Land of Plenty is a 2004 American drama film directed by Wim Wenders starring Michelle Williams and John Diehl.

The title of the film comes from the song "The Land of Plenty" from the album Ten New Songs, written by Leonard Cohen and Sharon Robinson, which was used in the movie. The film was Gloria Stuart's last screen appearance before her death in 2010.

Plot
The movie presents a view of post-9/11 United States as seen through the eyes of Lana, an American girl who has lived in Africa and the Middle East for years with her missionary parents.  She is returning from a long trip to the West Bank. In Los Angeles, she works at a homeless mission and looks up her only living relative in the US, her late mother's brother, Paul. He is a traumatized Vietnam veteran who drives around filming and spying on Arabs or people with Arab features in the belief that most, if not all are planning terrorist acts on US soil. Lana, in contrast, leans toward anti-war convictions and has been changed by her experiences abroad, so feels outside American culture.

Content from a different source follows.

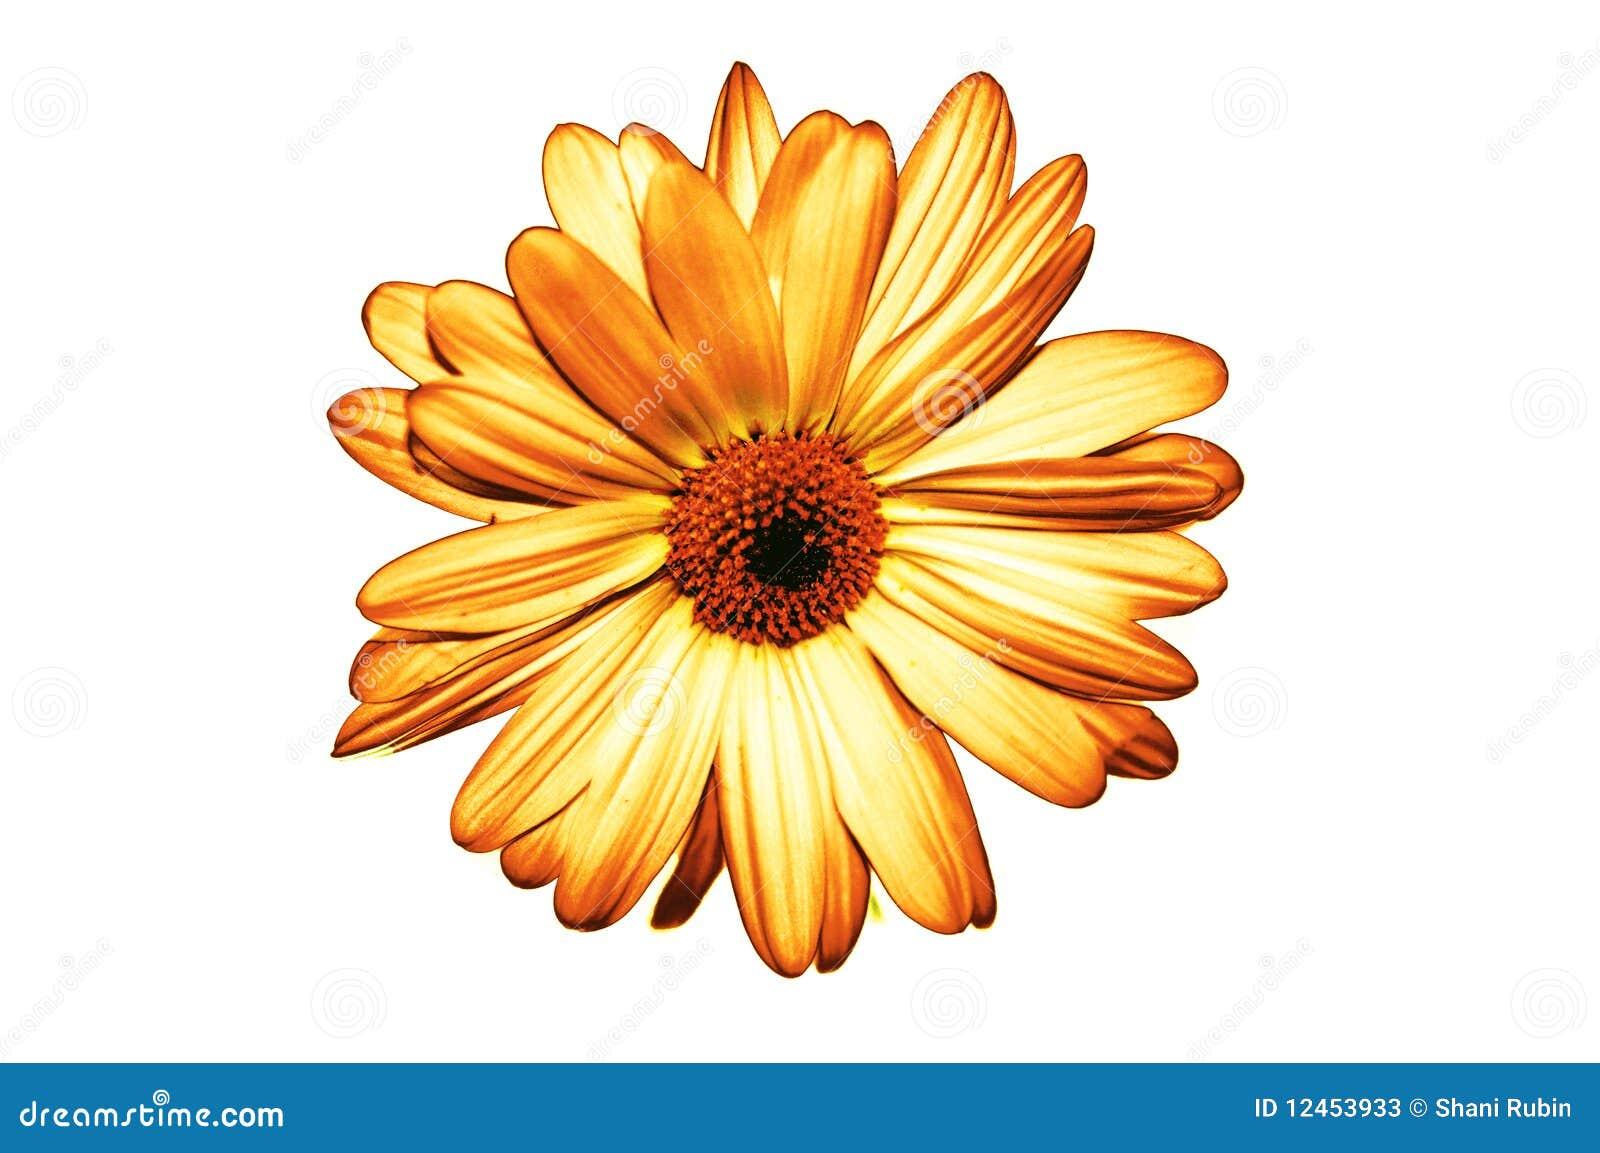 Isolated Yellow Flower On White Background Stock Image Image Of

Having first-hand knowledge of the Middle East and Africa, she sees similarities between the slums of Los Angeles and those of the Third World. After she and Paul see the murder of a young Pakistani outside the mission, they take his body to his family. Their road trip offers Paul a different view of Muslim home life. Over the course of the film, Paul and Lana learn more about each other.

Cast

 Michelle Williams as Lana
 John Diehl as Paul
 Shaun Toub as Hassan
 Wendell Pierce as Henry
 Richard Edson as Jimmy
 Burt Young as Sherman
 Yuri Elvin as Officer Elvin
 Jeris Lee Poindexter as Charles
 Rhonda Stubbins White as Dee Dee
 Victoria Thomas as News reporter
 Matthew Kimbrough as News anchor
 Paul West as Policeman
 Jeffrey Vincent Parise as Coroner's assistant
 Christa Lang as Trailer park woman
 Warren Stearns as Mortician
 Bernard White as Youssef
 Gloria Stuart as Old lady

Production
Of the idea for the film, Wim Wenders said it "originated with the fundamentalist Christianity of the Bush era. From the anger that Christianity has been so perverted and used in so a perfidious manner for political interests. As a Christian, I know no other option except to be against war and to have solidarity with the poor". He added, "My film…addresses the underbelly of poverty in the United States, and specifically in Hollywood – not only the entertainment capital of the world, but also an unacknowledged capital of hunger. Poverty was not the main subject of the film, but more of a backdrop to a film that tried to deal with the post-9/11 trauma in the US. The two issues are linked, of course…The problem is that the social net in America has too many holes that people can fall through; they end up abandoned, lost and without hope, which is even more tragic if you think about the country's wealth and its very own ideals of brotherhood and equality."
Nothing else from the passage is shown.